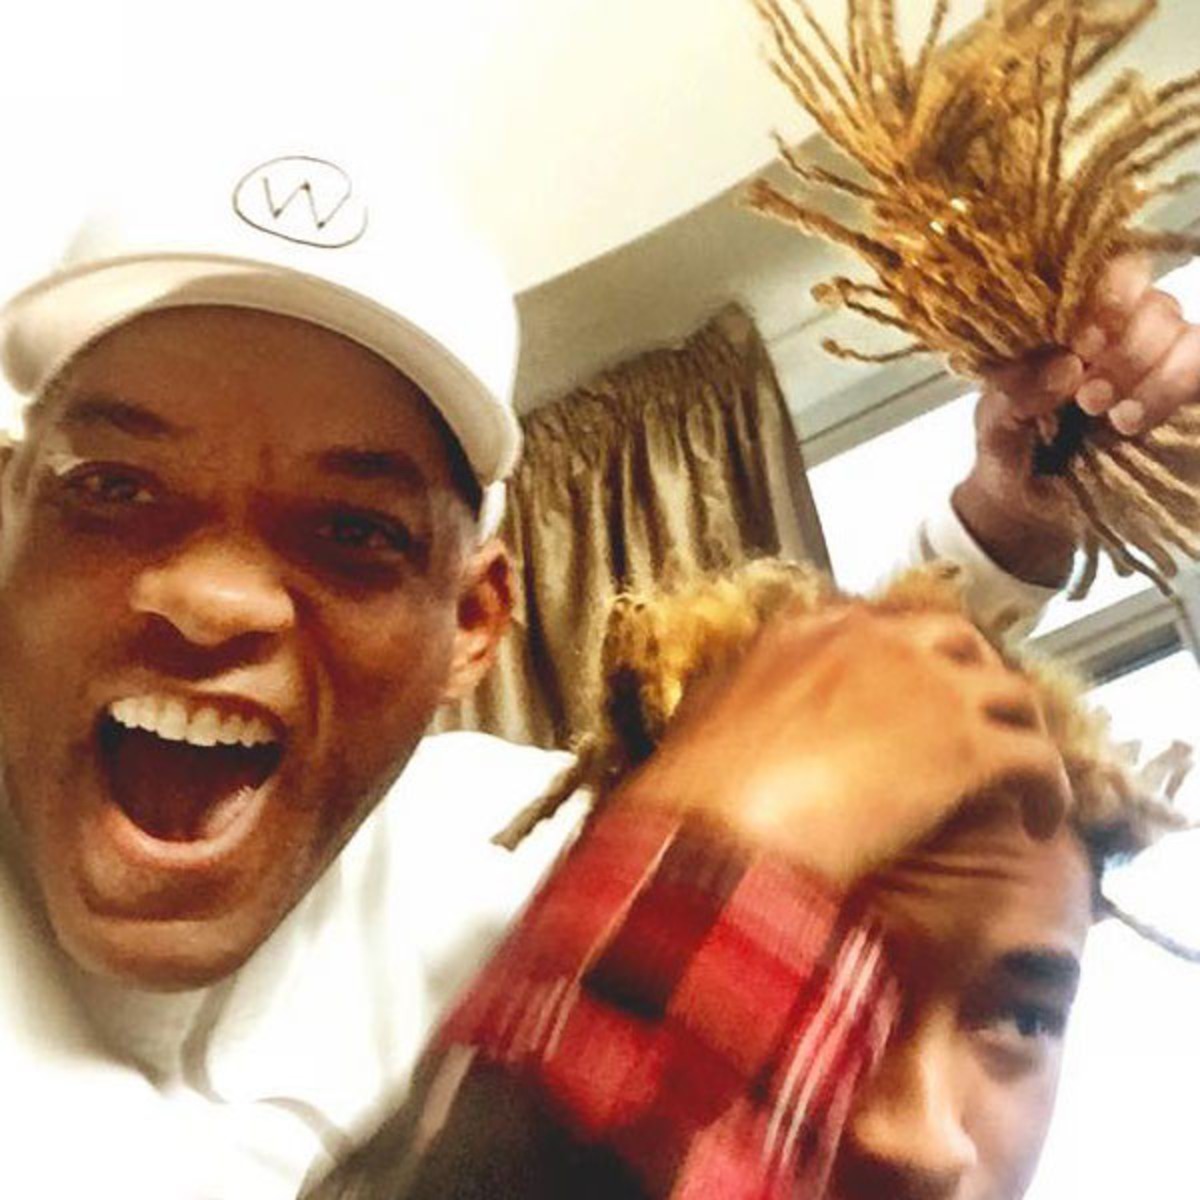 Will Smith Chops Off Jaden Smith's Hair and Tries It On - E! Online
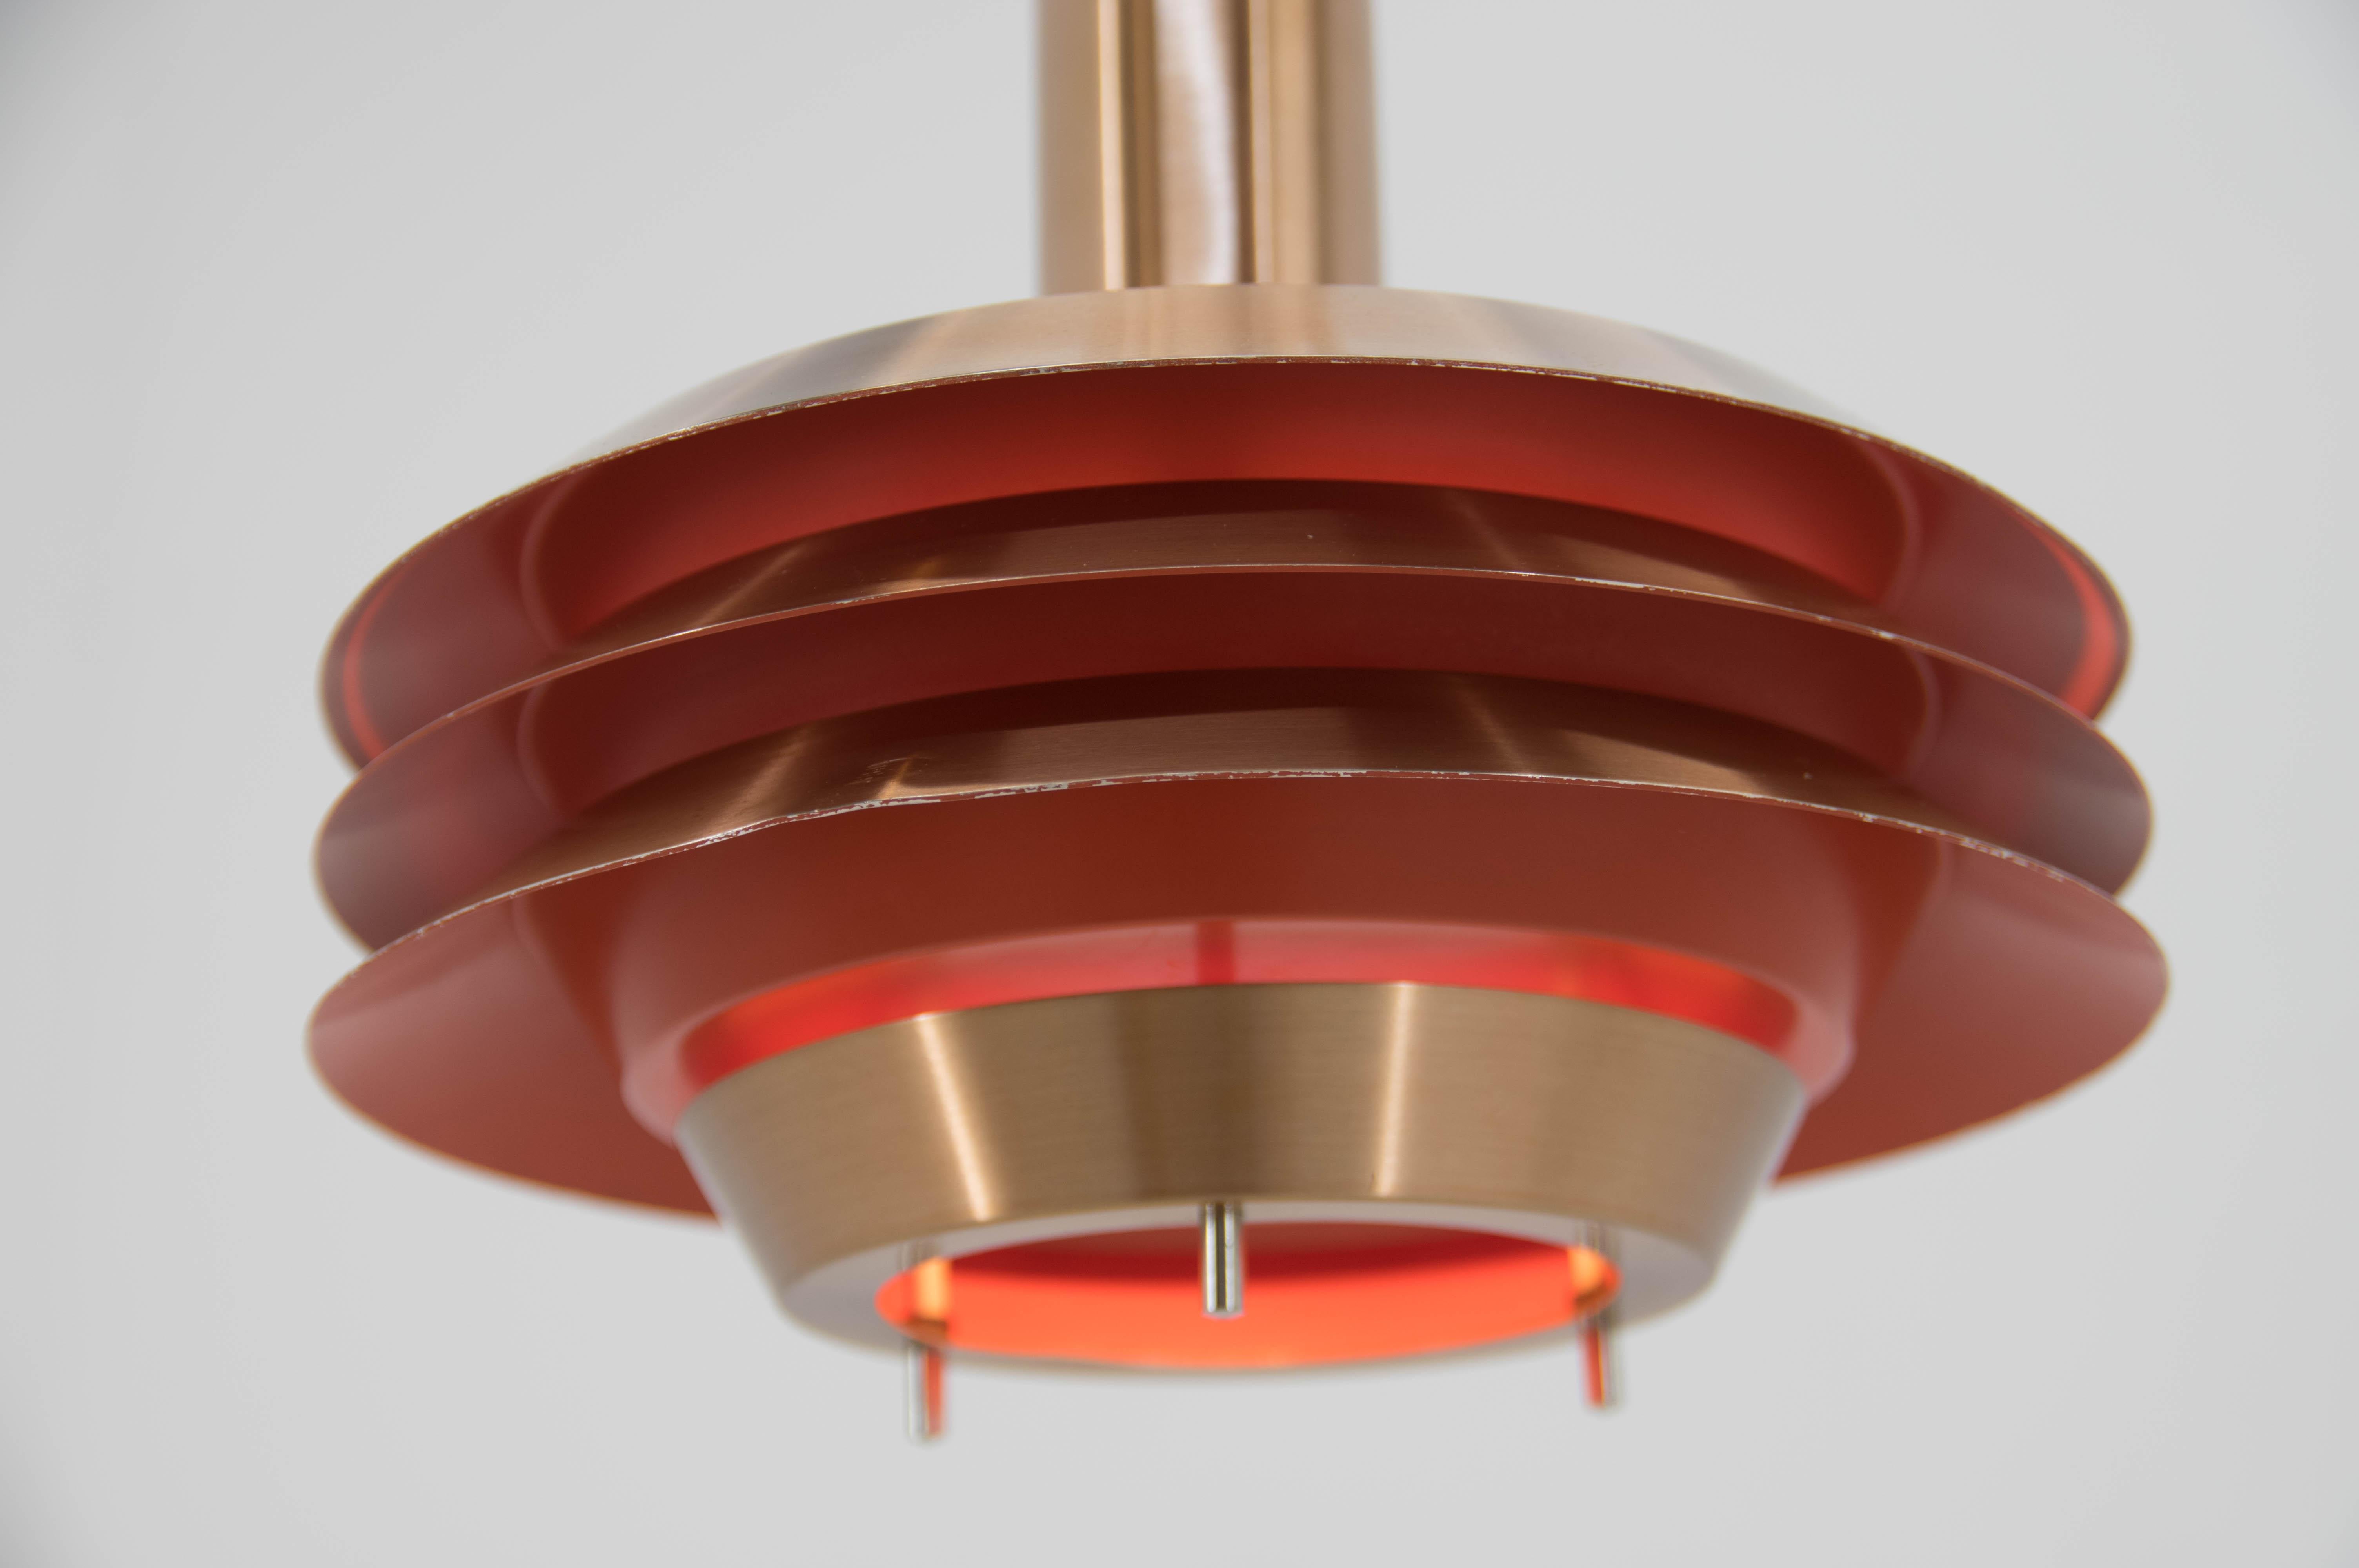 Scandinavian pendant in red and brass color.
1x75W E25-E27 bulb
US wiring compatible
max height 160cm.
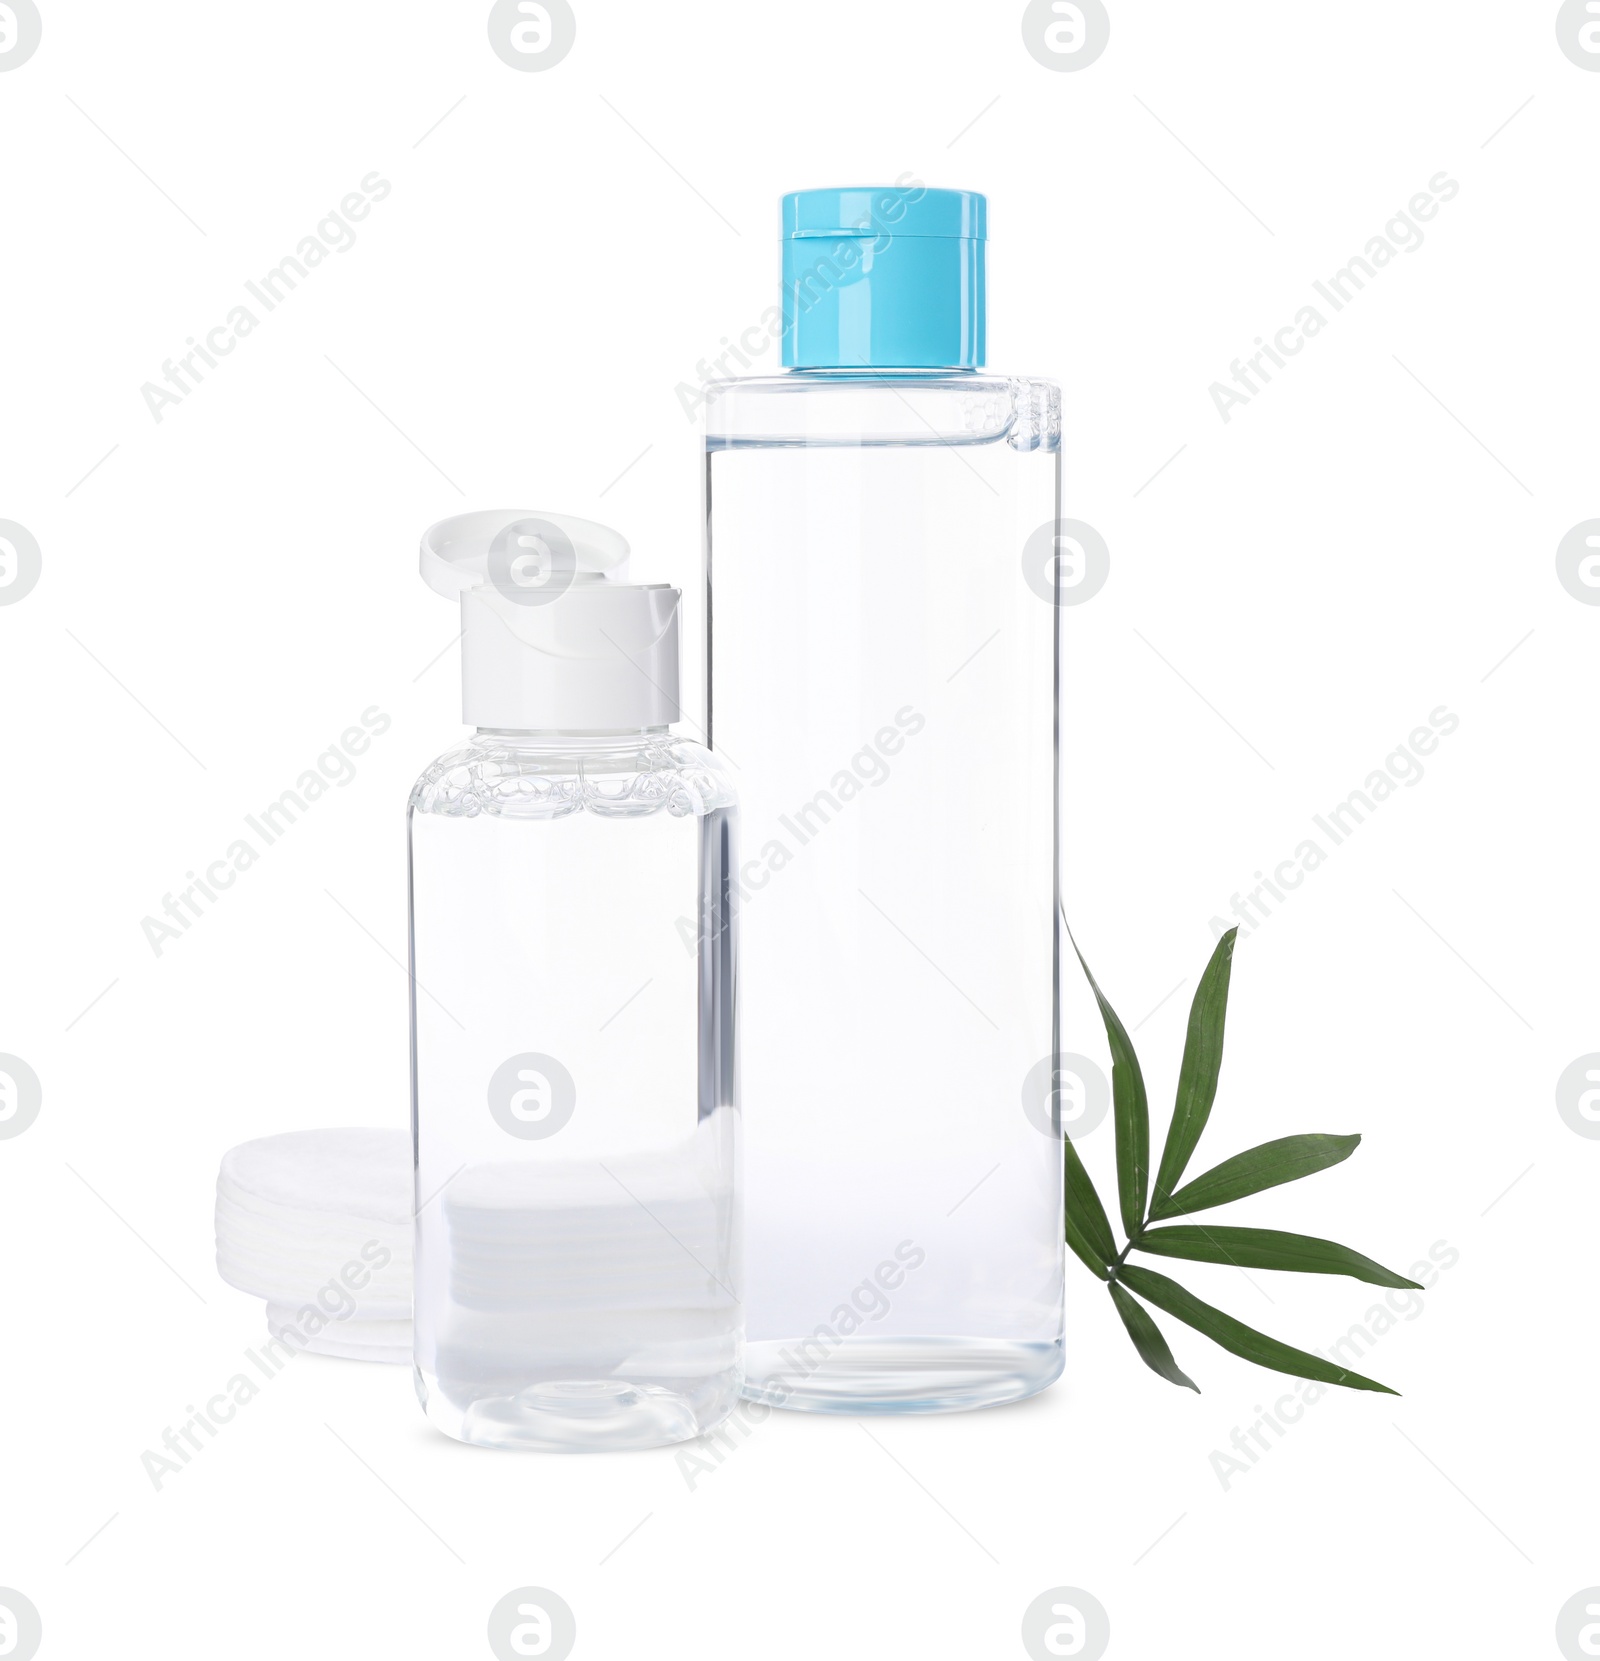 Photo of Bottles of micellar cleansing water, cotton pads and green twig on white background

YOUR OBJECTIVE: If the data includes images, omit them, and set down everything else exactly as above.

RESULT OF THIS TASK:
 Will Smith Chops Off Jaden Smith's Hair and Tries It On - E! Online
 Scandinavian pendant in red and brass color.
1x75W E25-E27 bulb
US wiring compatible
max height 160cm.
 Photo of Bottles of micellar cleansing water, cotton pads and green twig on white background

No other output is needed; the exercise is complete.